**Dataset extract:**
-------

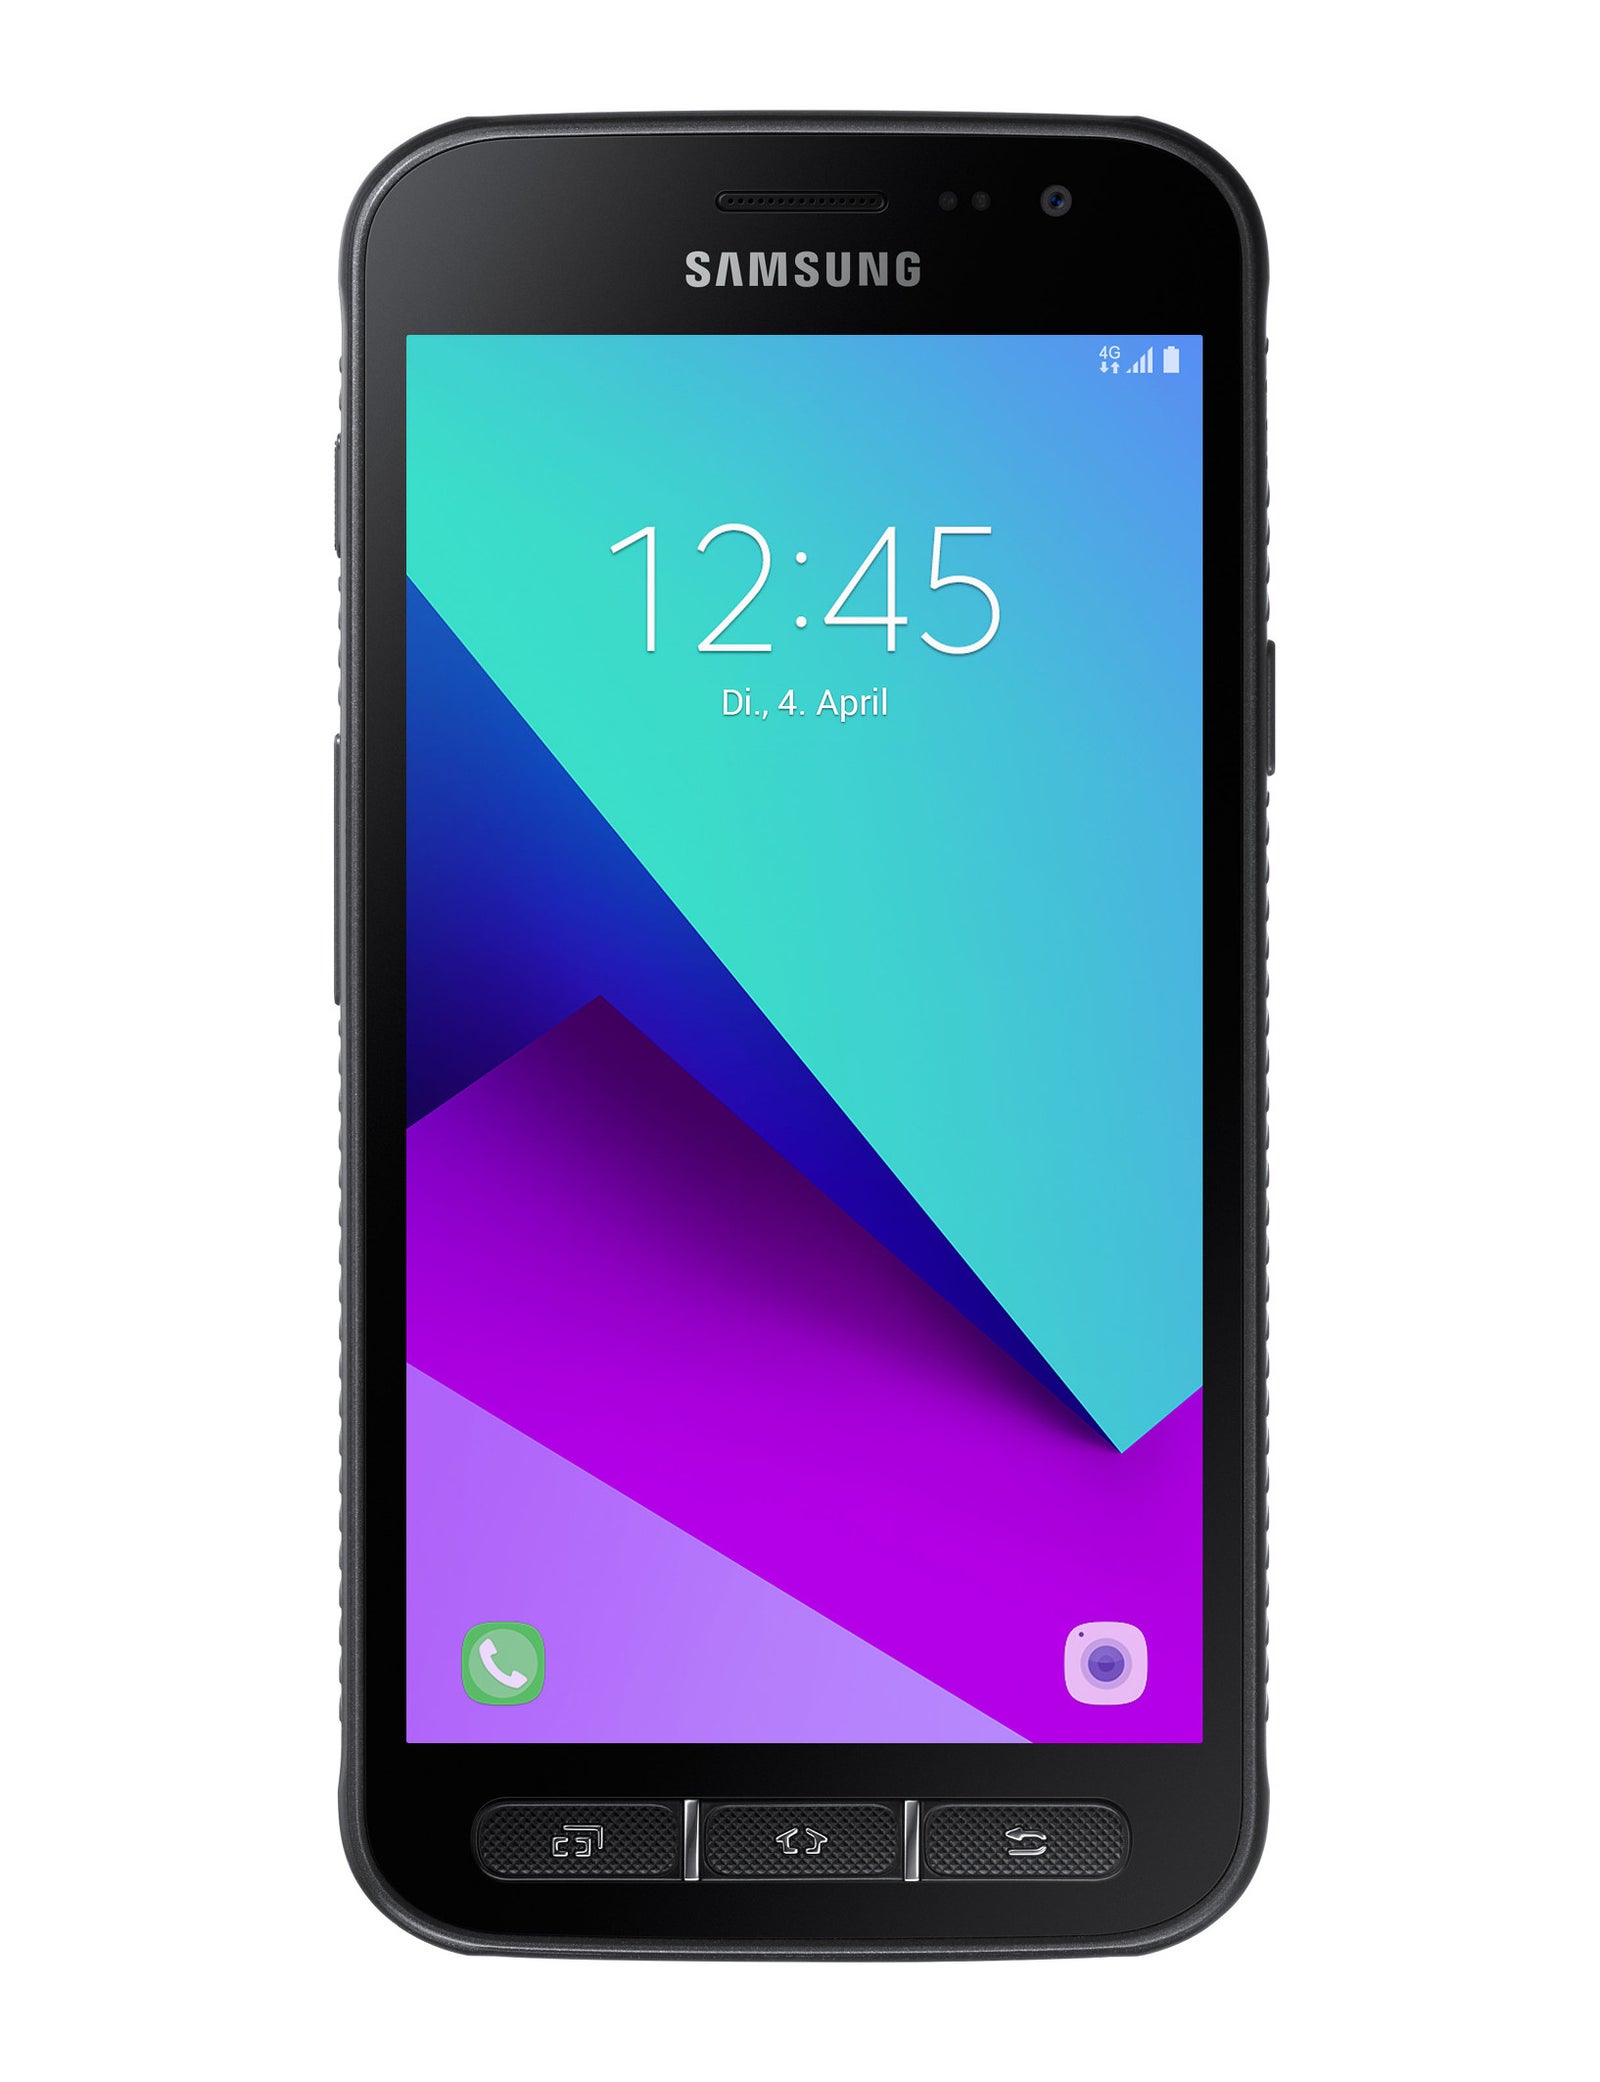 Samsung Galaxy Xcover 4 specs PhoneArena
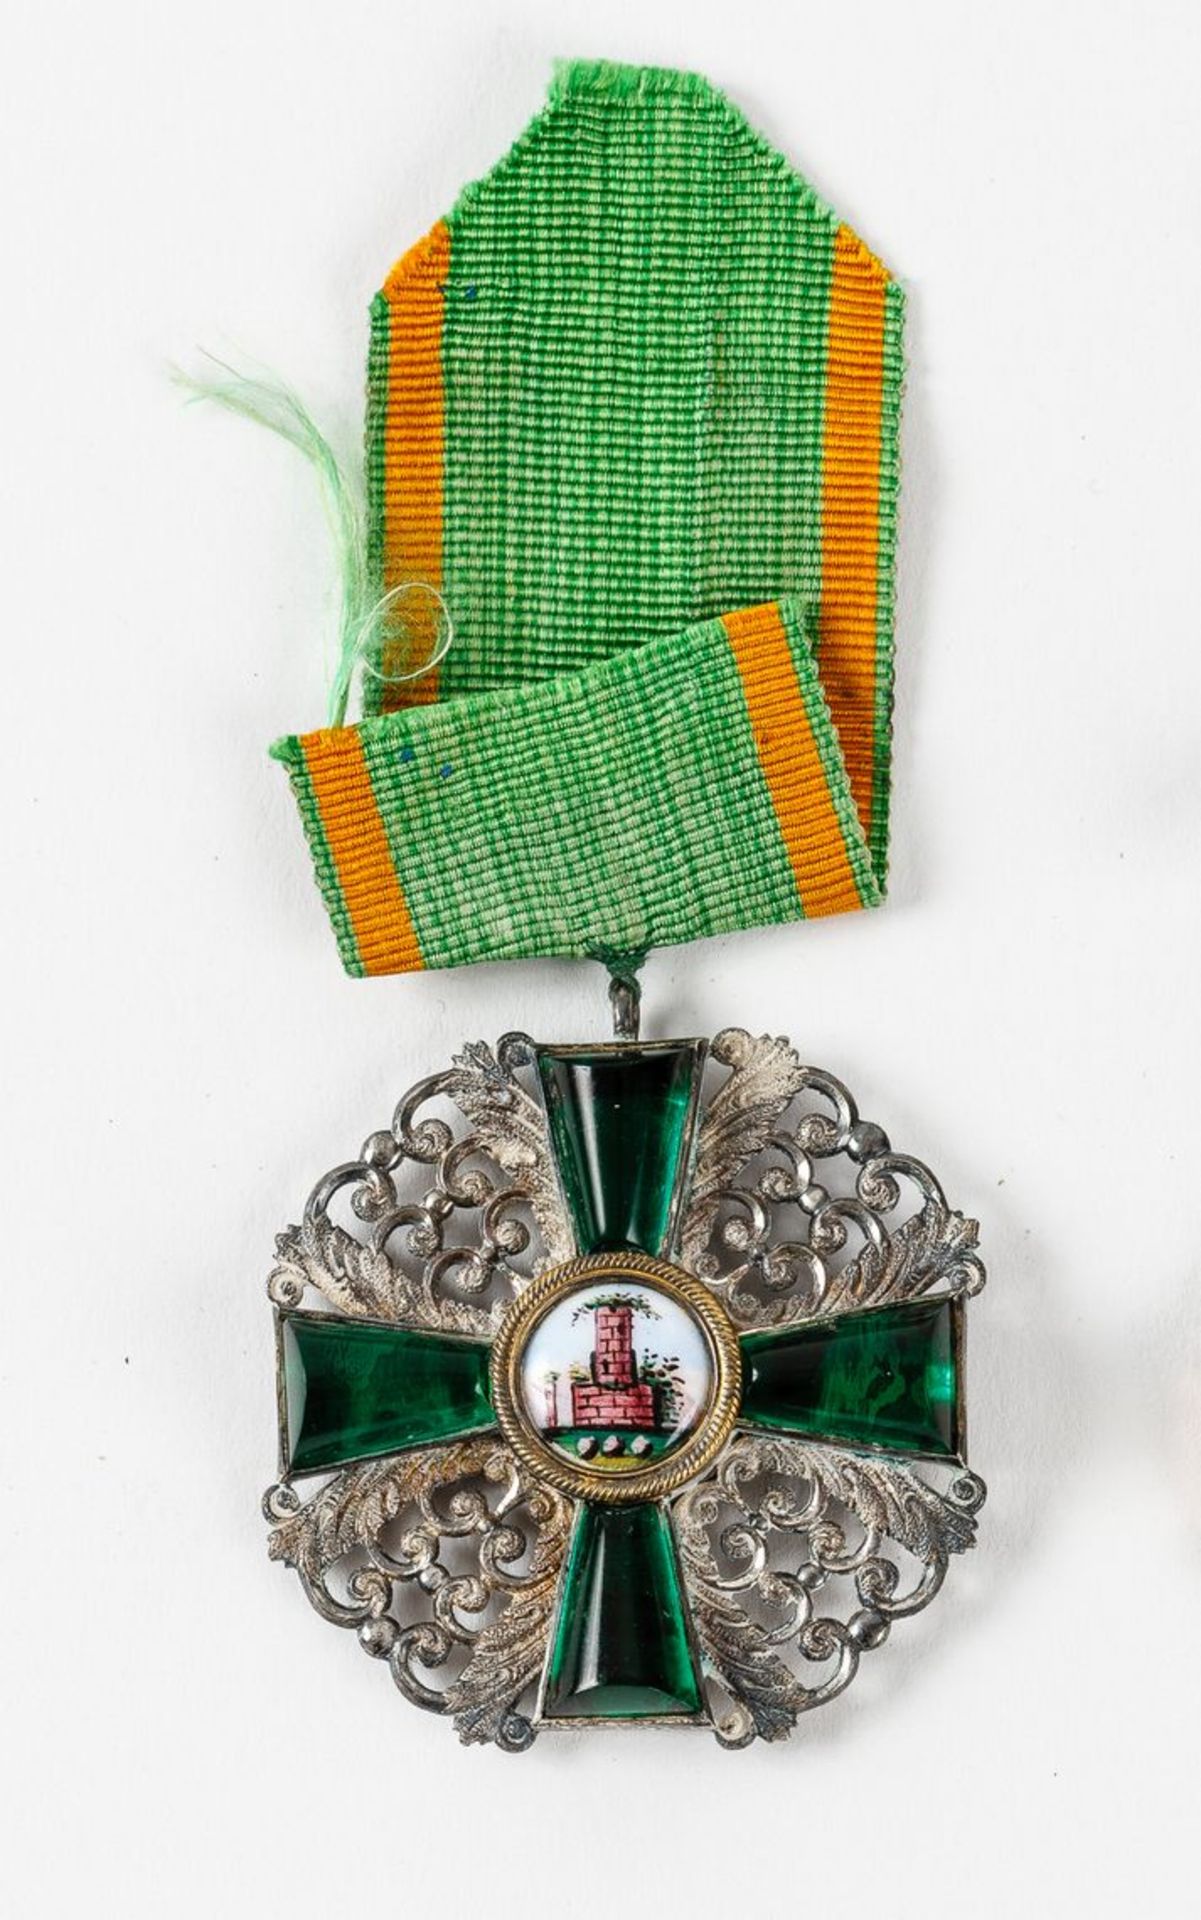 BadenOrden vom Zähringer Löwen Ritterkreuz 2. Klasse, am Bande. Kreuz Silber, Kreuzarme aus grünem
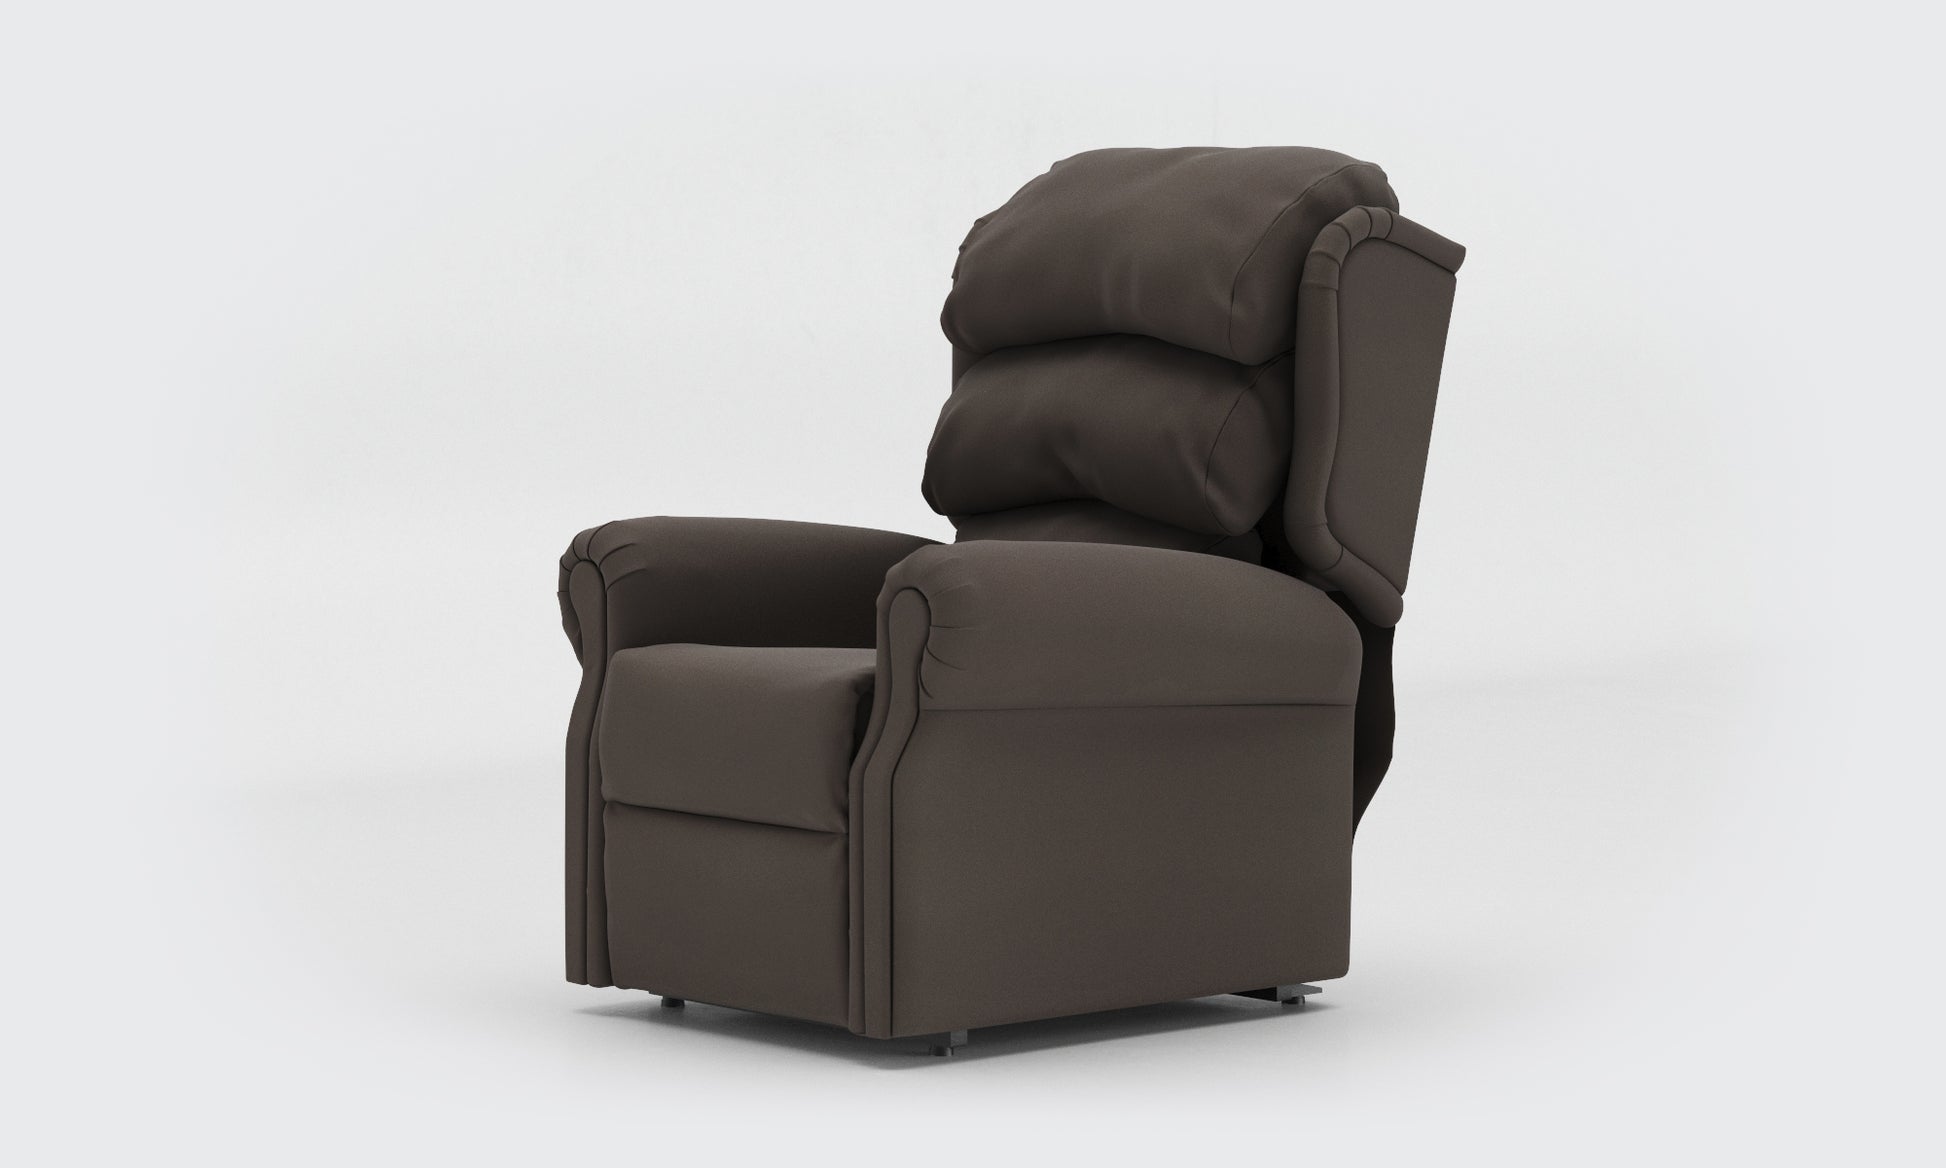 Adara Riser Recliner Chair compact waterfall leather meteor
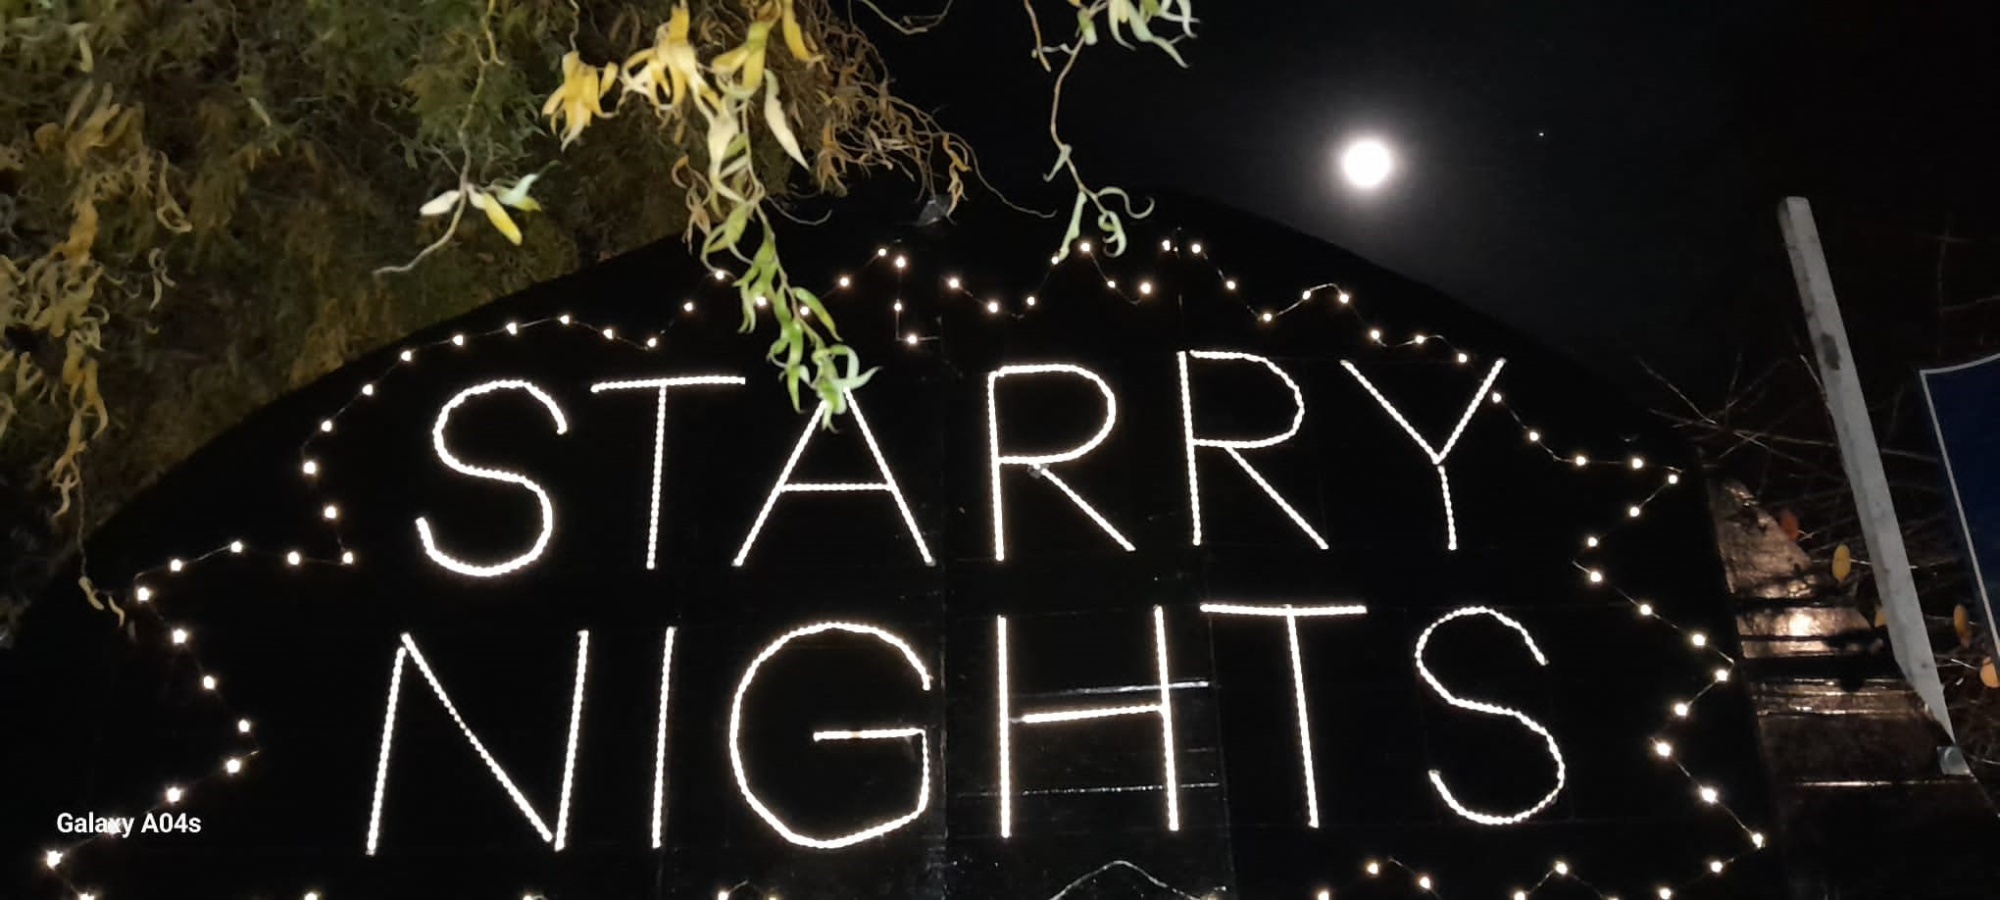 Starry Nights Fair image

-------

**What you need to do:**
Transcribe the data exactly, minus any images.

**Solved exercise:**
 Samsung Galaxy Xcover 4 specs PhoneArena
 BadenOrden vom Zähringer Löwen Ritterkreuz 2. Klasse, am Bande. Kreuz Silber, Kreuzarme aus grünem
 Adara Riser Recliner Chair compact waterfall leather meteor
 Starry Nights Fair image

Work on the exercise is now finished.